In order to ensure that termination is not bitter, or acrimonious, or leads to protracted legal disputes the employer and employee must try to insert specific grounds for termination in the employment contract. In certain cases, the employer has been held liable to pay compensation, solely on the basis of a sentence under the contract. For example, in Avineshwar Sawhney v. J. K. Industries Limited the employer had terminated the employment. The employment contract provided that the employee was hired for a period of five years, and the termination would be carried on grounds of misconduct and breach. The employee was hired in 1975 for a period of five years. The employment was terminated in 1977 and the employee sued the employer and sought arrears of salary from 1977 till 1981 for wrongful termination.
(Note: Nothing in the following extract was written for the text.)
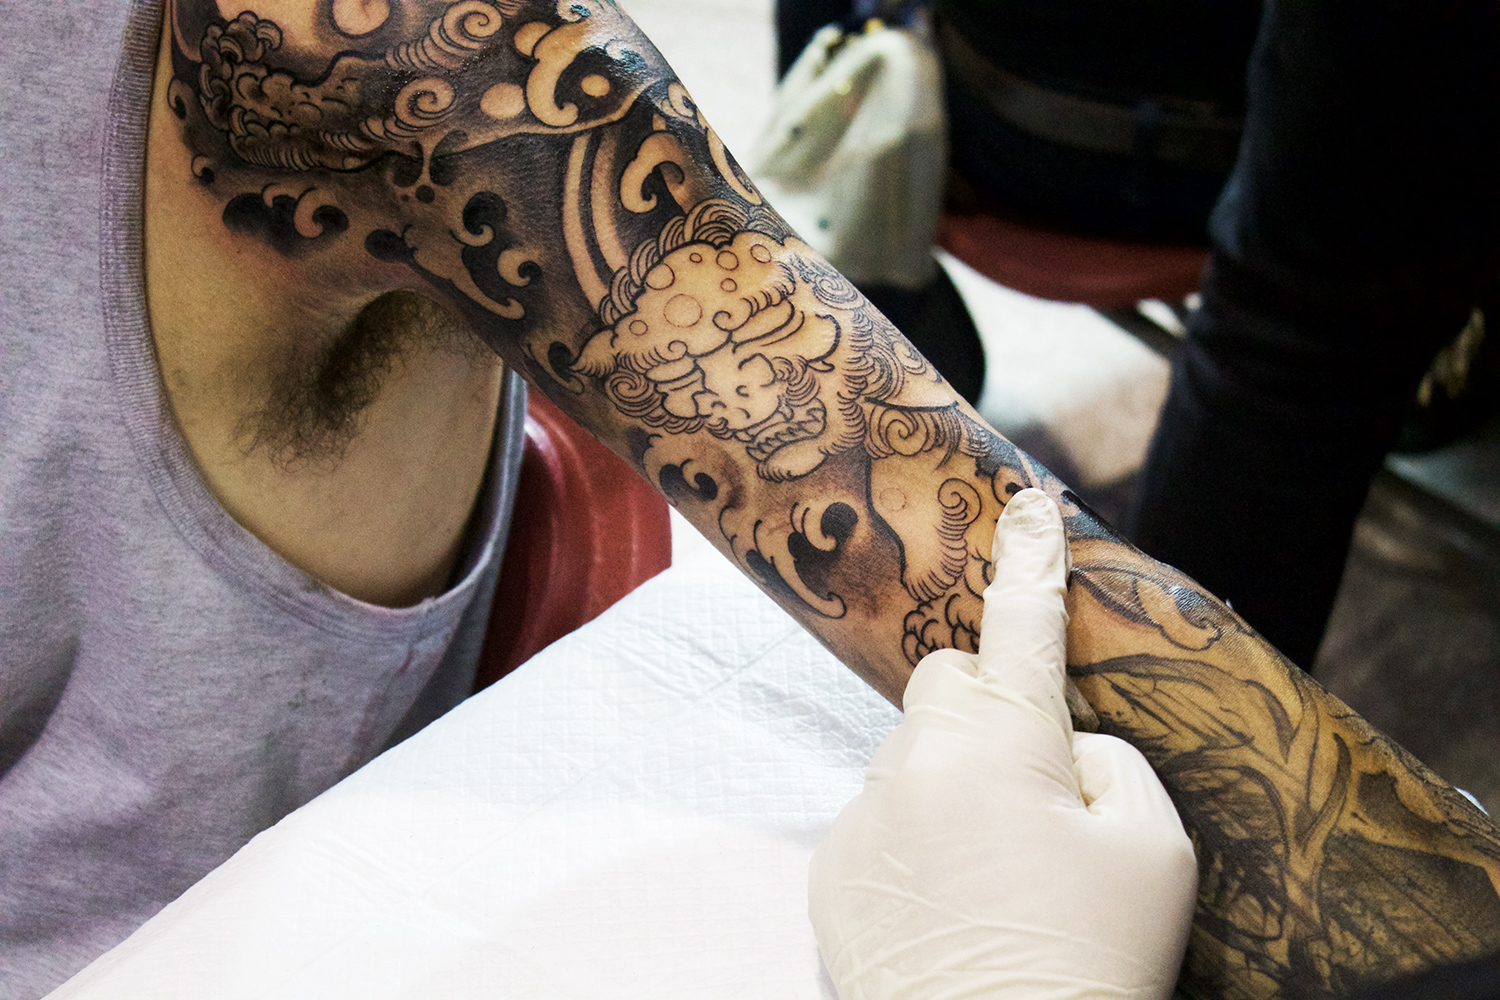 Art Tattoo Montreal Show, Fibs tattoo

The lower court held the employer could terminate the employment; however, the appellate court reversed the decision and held the termination wrongful. The primary contention of employee, accepted by the court, was that the clause provided that the employer shall not ordinarily terminate the employment. The court had further held that termination of the employee can indeed be carried out on subjective considerations; however, the subjective considerations must be based on objective facts. This case has been discussed further ahead. It is, therefore, pertinent that the employer very carefully considers the provisions under the contract, and factors in judicial precedents, before proceeding to terminate.